What the Output Compare (OC) units do is to take a timer as input and produce an output signal dependent on the current value of the timer relative to certain parameters. In clearer terms, you can indicate a timer value at which the OC unit will cause the output to go high, and you can indicate another timer value at which the OC unit will cause the output to go low. It doesn’t take much imagination to realise that this sounds almost perfect for generating the horizontal sync pulse:

  1. We take the timer previously set up which counts up to 643 and thus divides the display line period into units of 1/643.
  2. We identify where the pulse should be brought low and present that as the parameter for taking the output low.
  3. We identify where the pulse should be brought high and present that as the parameter for taking the output high.

Upon combining the timer and the OC unit, then configuring the output pin appropriately, we end up with a low pulse occurring at the line rate, but at a suitable offset from the start of each line.

VGA Display Line Structure

The structure of each visible display line in the VGA signal

In fact, the OC unit also proves useful in actually generating the vertical sync pulses, too. Although we have a timer that can tell us when it has wrapped around, we really need a mechanism to act upon this signal promptly, at least if we are to generate a clean signal. Unfortunately, handling an interrupt will introduce a delay between the timer wrapping around and the CPU being able to do something about it, and it is not inconceivable that this delay may vary depending on what the CPU has been doing.

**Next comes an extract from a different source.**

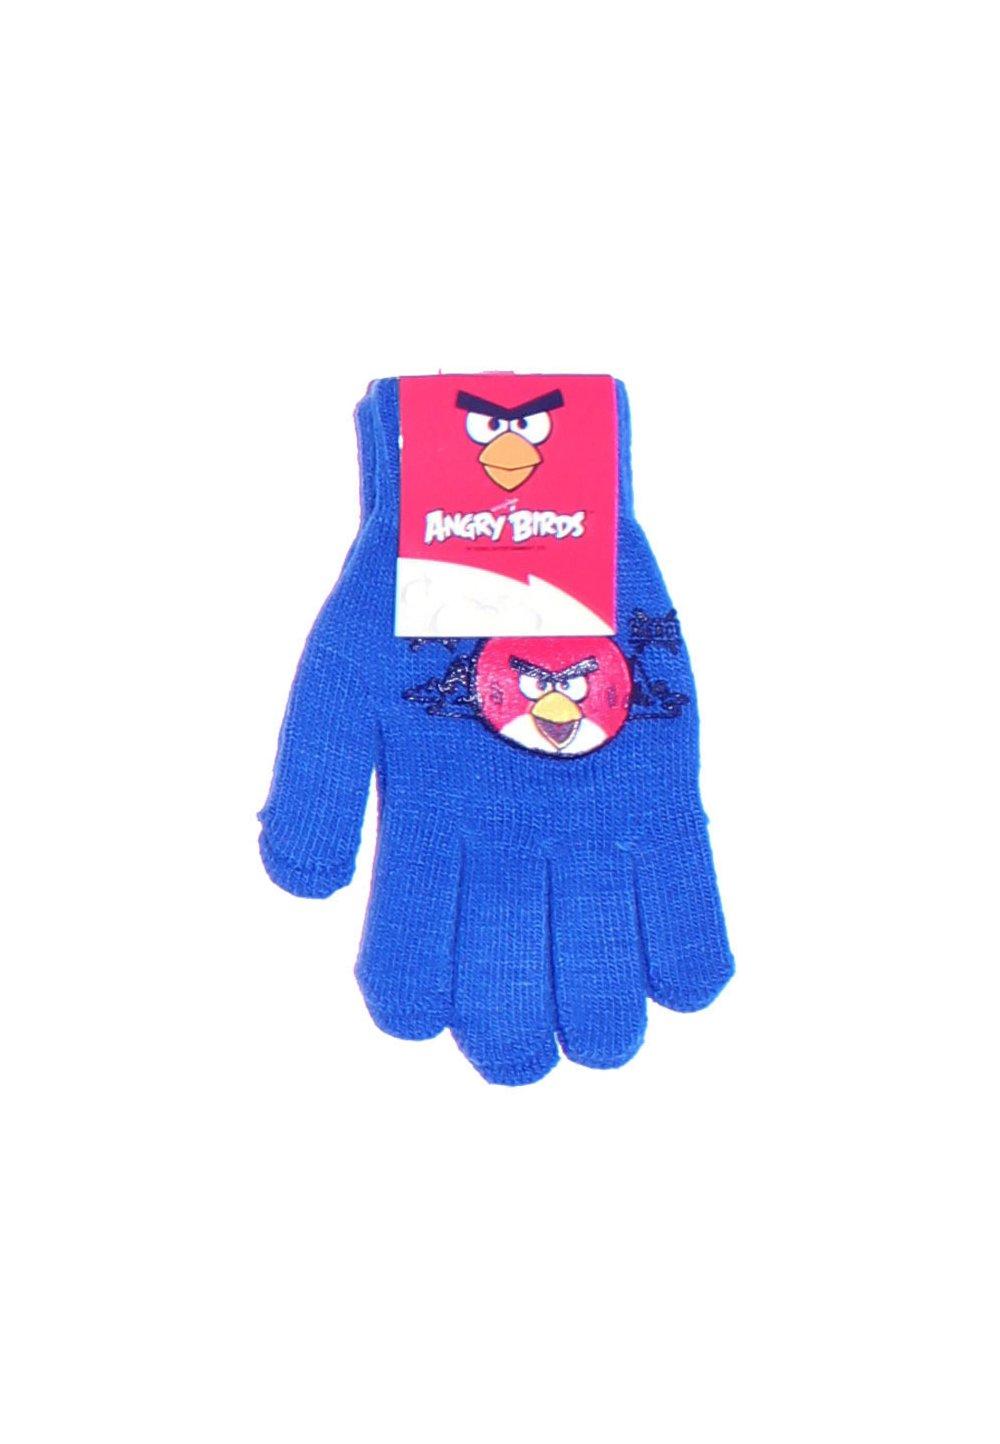 Manusi cu degete, Angry Birds, 3-7ani, albastru imagine

So, what seems to be a reasonable solution to this problem is to count the lines and upon seeing that the vertical sync pulse should be initiated at the start of the next line, we can enable another OC unit configured to act as soon as the timer value is zero. Thus, upon wraparound, the OC unit will spring into action and bring the vertical sync output low immediately. Similarly, upon realising that the next line will see the sync pulse brought high again, we can reconfigure the OC unit to do so as soon as the timer value again wraps around to zero.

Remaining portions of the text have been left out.